### GIVEN MATERIAL
== Segment start ==

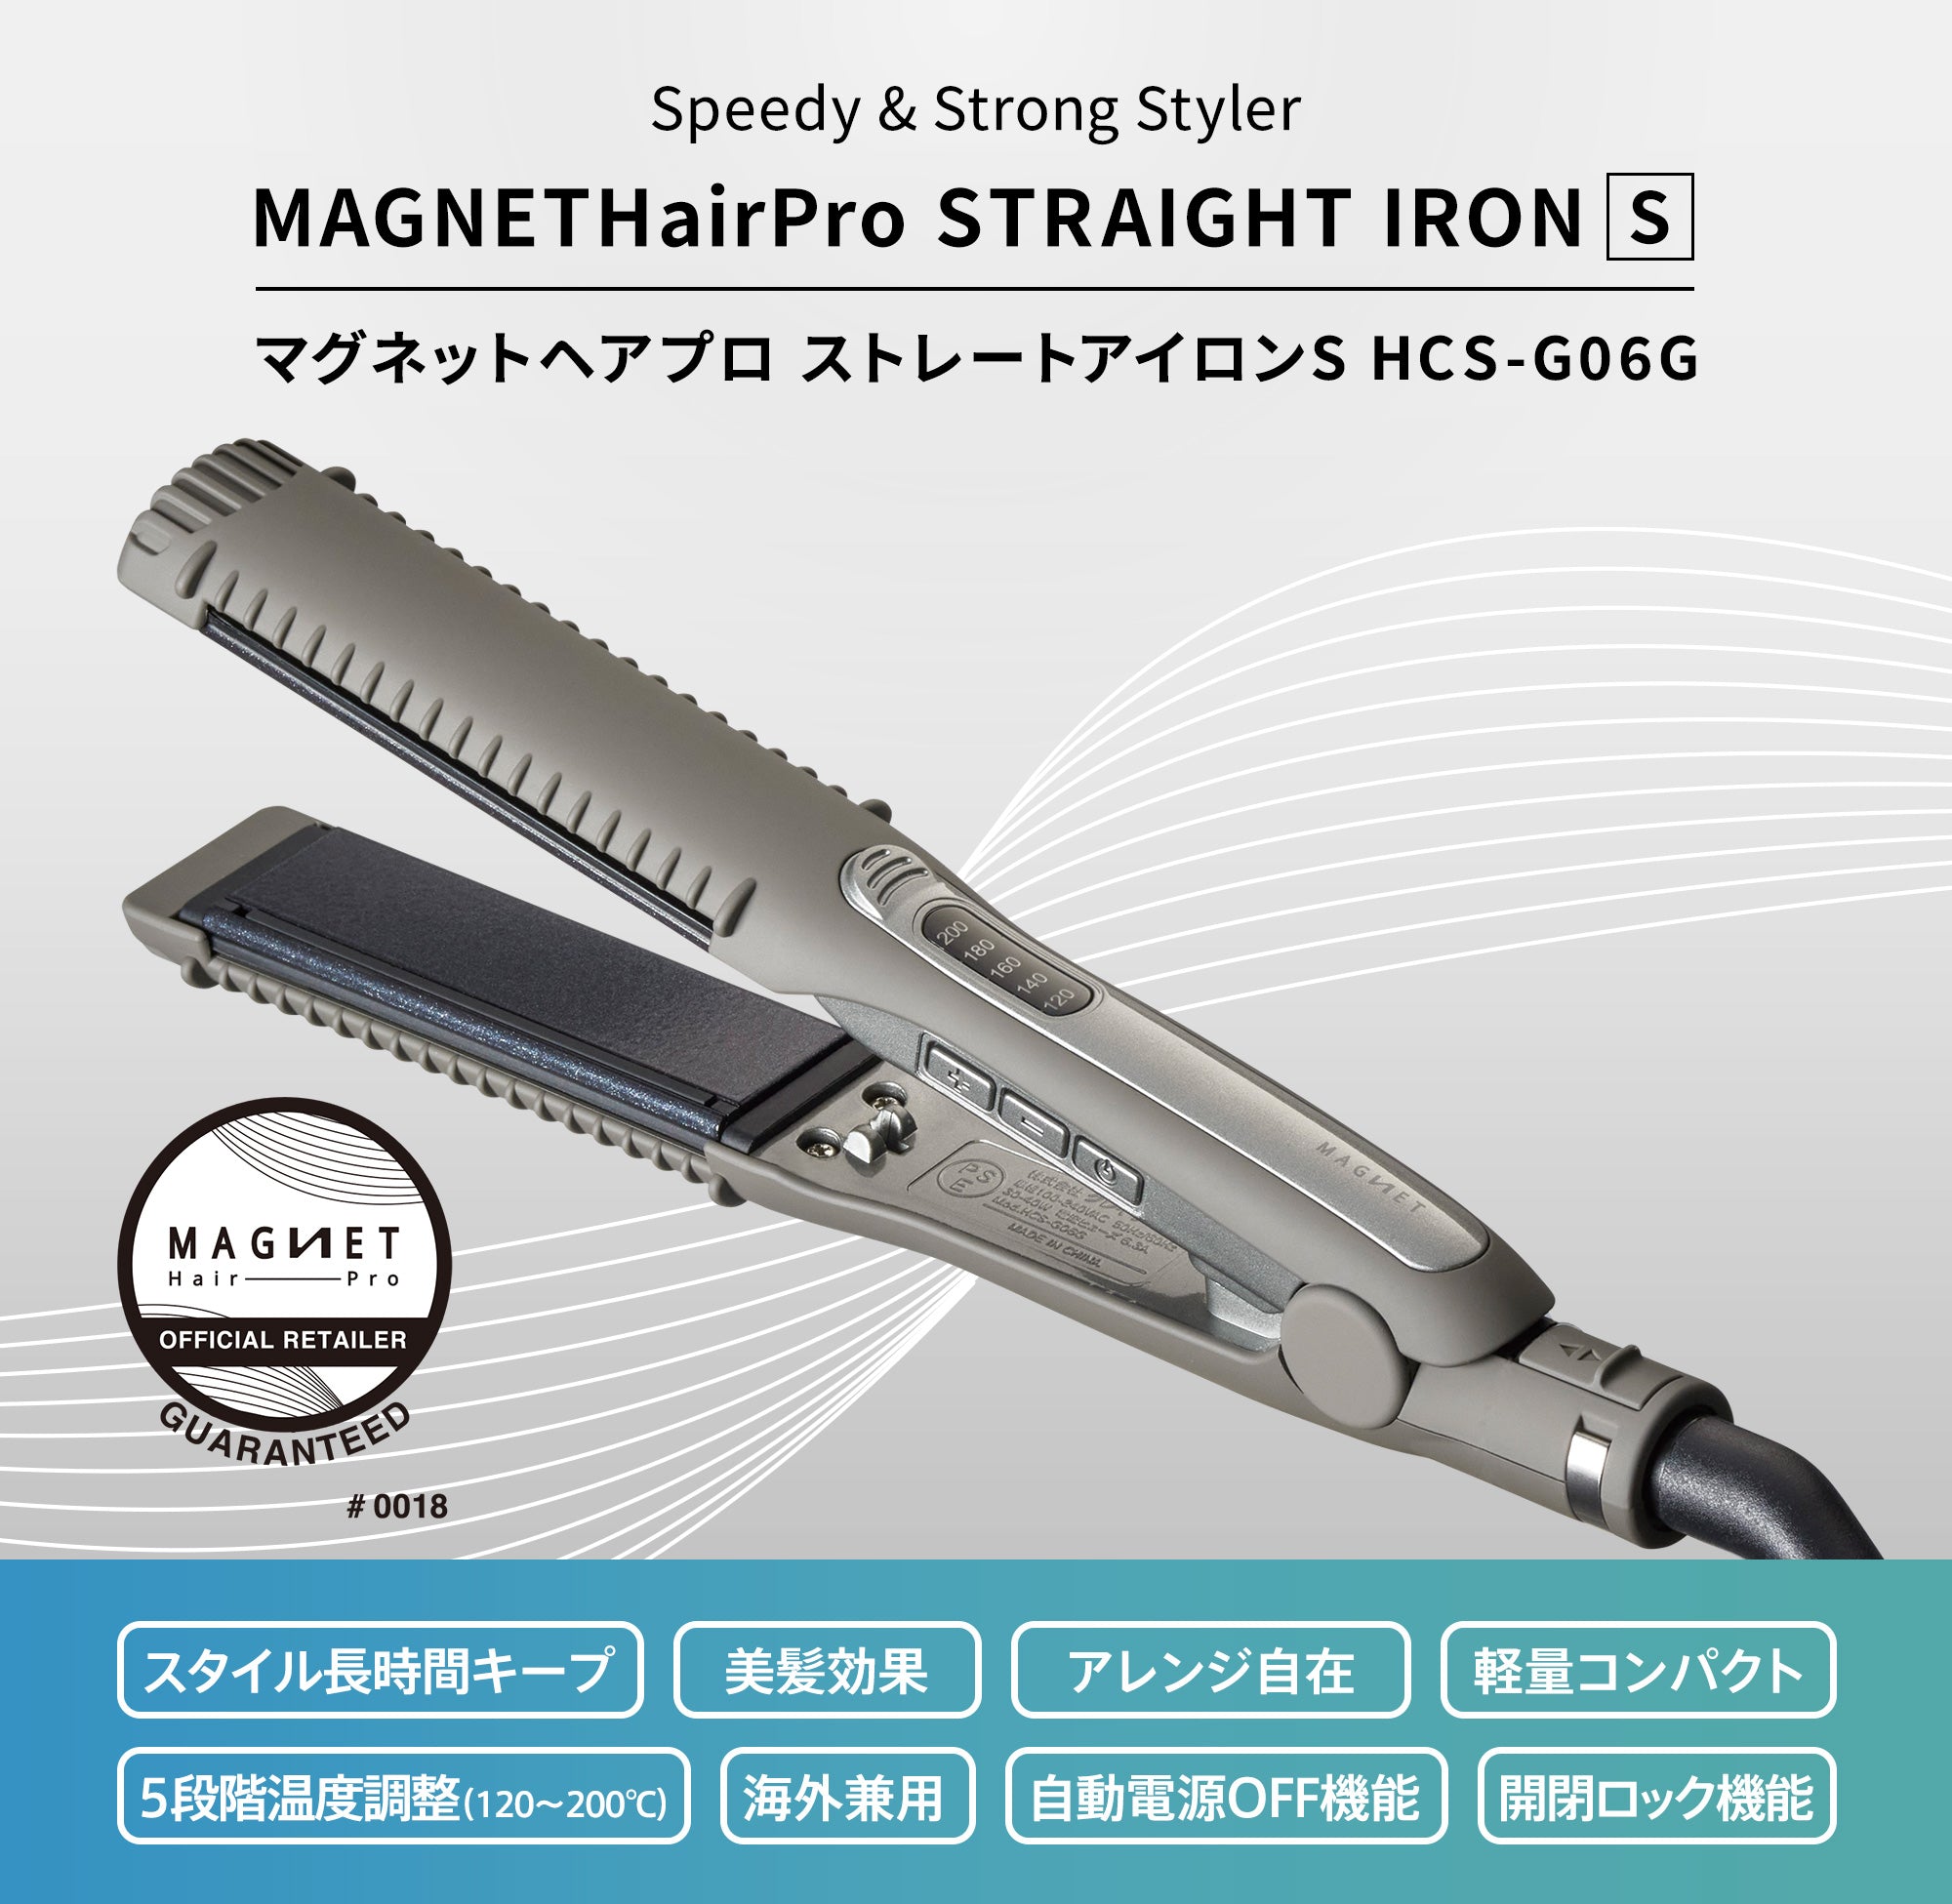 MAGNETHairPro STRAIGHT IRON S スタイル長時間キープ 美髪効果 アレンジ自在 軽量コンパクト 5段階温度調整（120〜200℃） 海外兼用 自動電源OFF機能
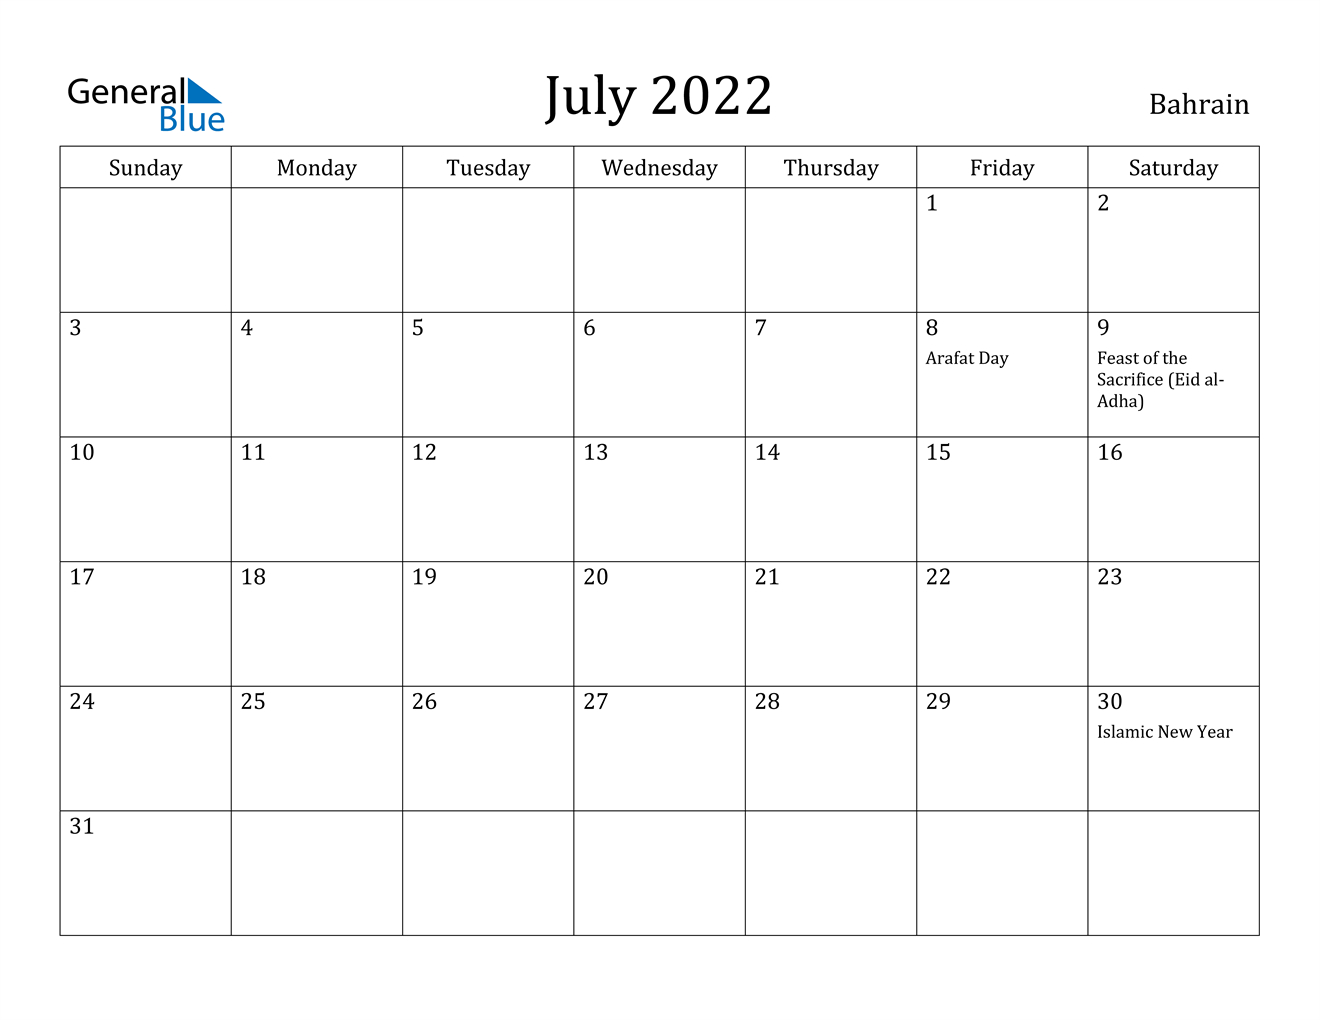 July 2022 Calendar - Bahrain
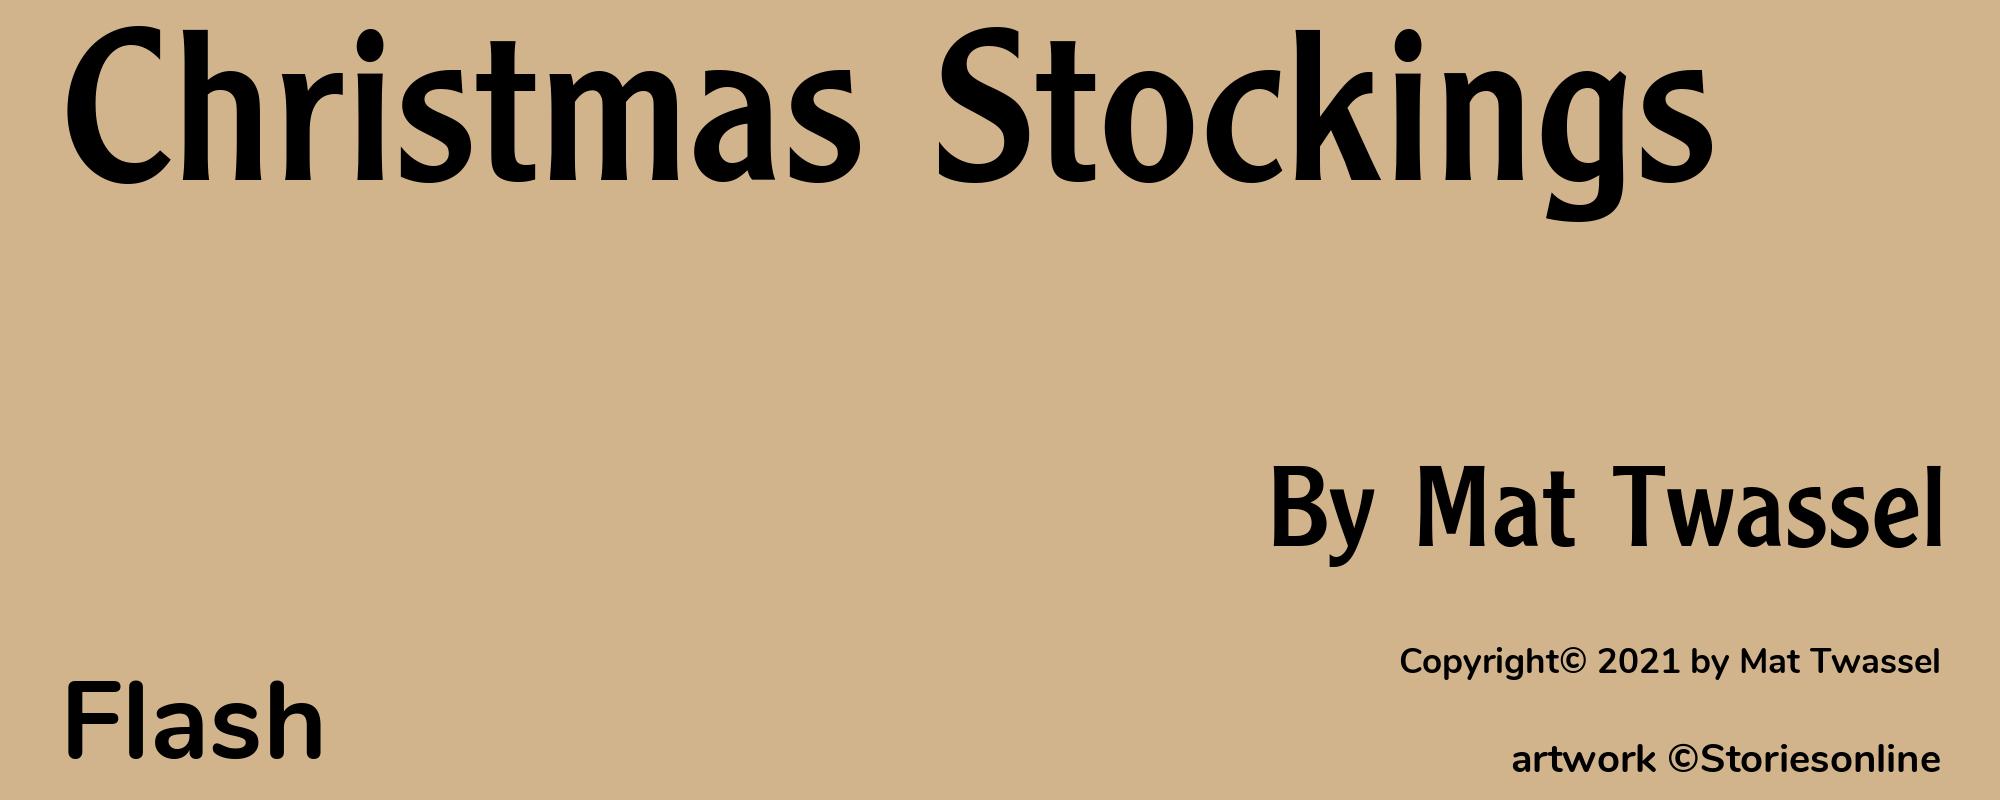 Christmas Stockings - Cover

== Segment end ==

### REQUIRED ACTION
Each word of the data should be repeated exactly, and the pictures left out.

### RESULT OF THE EXERCISE
 MAGNETHairPro STRAIGHT IRON S スタイル長時間キープ 美髪効果 アレンジ自在 軽量コンパクト 5段階温度調整（120〜200℃） 海外兼用 自動電源OFF機能
 July 2022 Calendar - Bahrain
 Christmas Stockings - Cover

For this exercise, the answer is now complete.